Class 1: Shape or dtype mismatch

One rank calls dist.all_reduce(tensor_fp16) and another calls dist.all_reduce(tensor_bf16). NCCL’s per-rank state machines diverge; the ring stalls partway through.

Fingerprint: NCCL log shows the collective started on all ranks but never completed; NCCL_DEBUG_SUBSYS=COLL reveals the size or dtype field differs between ranks at the start of the hung op.

Common causes: dtype= mismatch from autocast scope differences, batch-size mismatch when one rank gets fewer samples (uneven DataLoader), tensor-shape mismatch when one rank has a different sequence length.

Fix: assert dtype + shape consistency at every collective entry. PyTorch’s dist.barrier() before the suspect op + an assert tensor.shape == expected_shape on every rank narrows it instantly.

Class 2: Silent rank loss

One rank crashes mid-step (cgroup OOM-kill, CUDA error, segfault). The other ranks issue the next collective and wait forever for the dead rank’s contribution.

Fingerprint: nvidia-smi on the node shows the GPU process gone for one rank; dmesg shows the OOM-kill or segfault; the surviving ranks’ NCCL log shows them stuck on a collective just after the rank disappeared.

Common causes: cgroup memory limit hit on one container (container OOM), CUDA OOM with expandable_segments not configured, NIC reset, network partition, NaN-induced abort.

Fix: enable NCCL_ASYNC_ERROR_HANDLING=1 so a NCCL timeout raises an exception instead of hanging forever. Set a sane NCCL_TIMEOUT_MS (default is 30 minutes; for debug, drop to 5 minutes). Always run with torchrun --max-restarts=0 during debug so the dead rank doesn’t get silently restarted.

Class 3: Timeline drift

All ranks alive, all running the right code, but one rank is consistently slower (slow GPU, throttled NVLink, busy NIC). It eventually exceeds the NCCL timeout and the job aborts.

Fingerprint: throughput slowly degrades over training steps; one rank’s NCCL log shows it consistently completing collectives 200–500 ms after the others; eventually NCCL_TIMEOUT_MS triggers.

Common causes: ECC errors throttling one GPU’s clock, thermal throttling, NIC contention with another job on the same fabric, broken cable on one IB port.

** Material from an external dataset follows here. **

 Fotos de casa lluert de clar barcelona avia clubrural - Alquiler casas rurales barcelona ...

Fix: log per-rank step time. If one rank is consistently slow, swap it out (rented hardware) or check nvidia-smi -q | grep -i throttle. ECC-throttled GPUs need replacement.

The debugging workflow

When a hang happens, the disciplined sequence is:

  1. Don’t kill the job yet. A live hang is more debuggable than a dead one.
  2. Check nvidia-smi on every node. If a GPU is missing, you have Class 2 (silent rank loss) — go to dmesg for the cause.
  3. Run py-spy dump --pid <each_rank_pid> in a parallel terminal. Stack trace per rank tells you which collective they’re stuck on. If they’re not all on the same line, that’s the divergence point.
  4. Diff the NCCL_DEBUG=INFO logs across ranks (diff rank0.log rank3.log). The last common timestamp is the divergence. Anything after is the failure mode.
  5. NCCL_DEBUG_SUBSYS=COLL on the next reproduction to see per-collective size/dtype on each rank. Mismatches show up as different bytes-counts at the hang point.
  6. Now kill the job. Apply the fix, restart with the same env vars, confirm the timeline matches across ranks.

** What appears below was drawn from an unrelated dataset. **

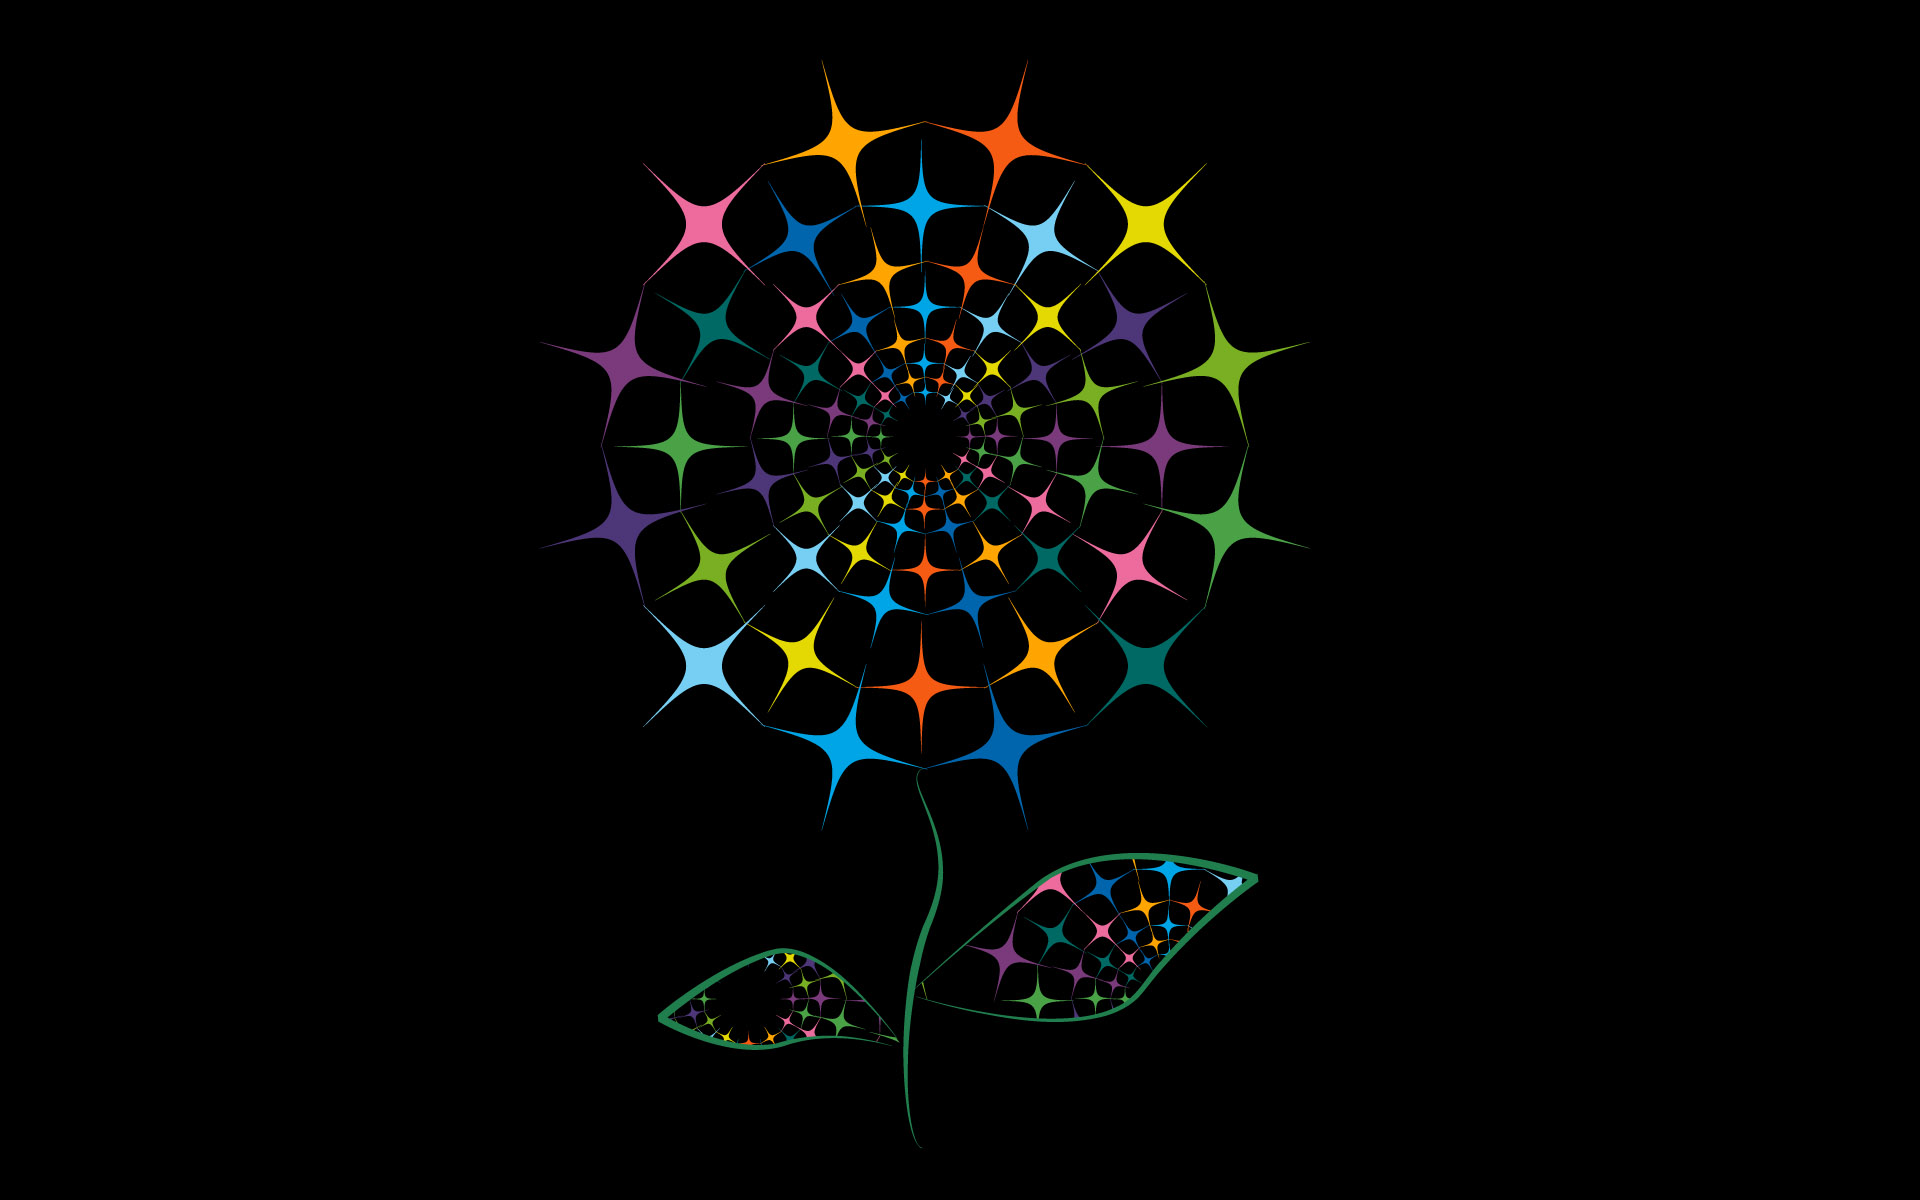 Black Flower Wallpaper 17 Desktop Background

This is the playbook. Once you’ve done it three times, you stop fearing hangs.

Concrete walkthrough — predicting AllReduce time

You have an 8×H100 SXM node (NVSwitch, 900 GB/s NVLink-4 aggregate per GPU, ~600 GB/s sustained per ring link in practice). You call AllReduce on a tensor whose size is the gradient of one Llama 70B layer (about 800 MB in fp16). What’s the expected time?

def predict_allreduce_us(buffer_bytes, N, link_bw_gbps_sustained): # Ring AllReduce: 2(N-1)/N * buffer per link, and links run in parallel bytes_per_link = 2 * (N - 1) / N * buffer_bytes time_s = bytes_per_link / (link_bw_gbps_sustained * 1e9) return time_s * 1e6 # us predict_allreduce_us(800e6, 8, 600) # ≈ 2333 us = 2.3 ms

If your measured AllReduce takes 4 ms instead of 2.3 ms, the gap is real and worth investigating. Common causes: (a) bucket-size too small (NCCL hasn’t merged enough buffers to amortize launch overhead), (b) channel count too low, (c) the ring isn’t using NVLink — check the log.

If your measured AllReduce takes 30 ms, something is catastrophic — likely PXN engaged, or you’re running over PCIe instead of NVLink. The NCCL log will tell you in the channel/transport lines.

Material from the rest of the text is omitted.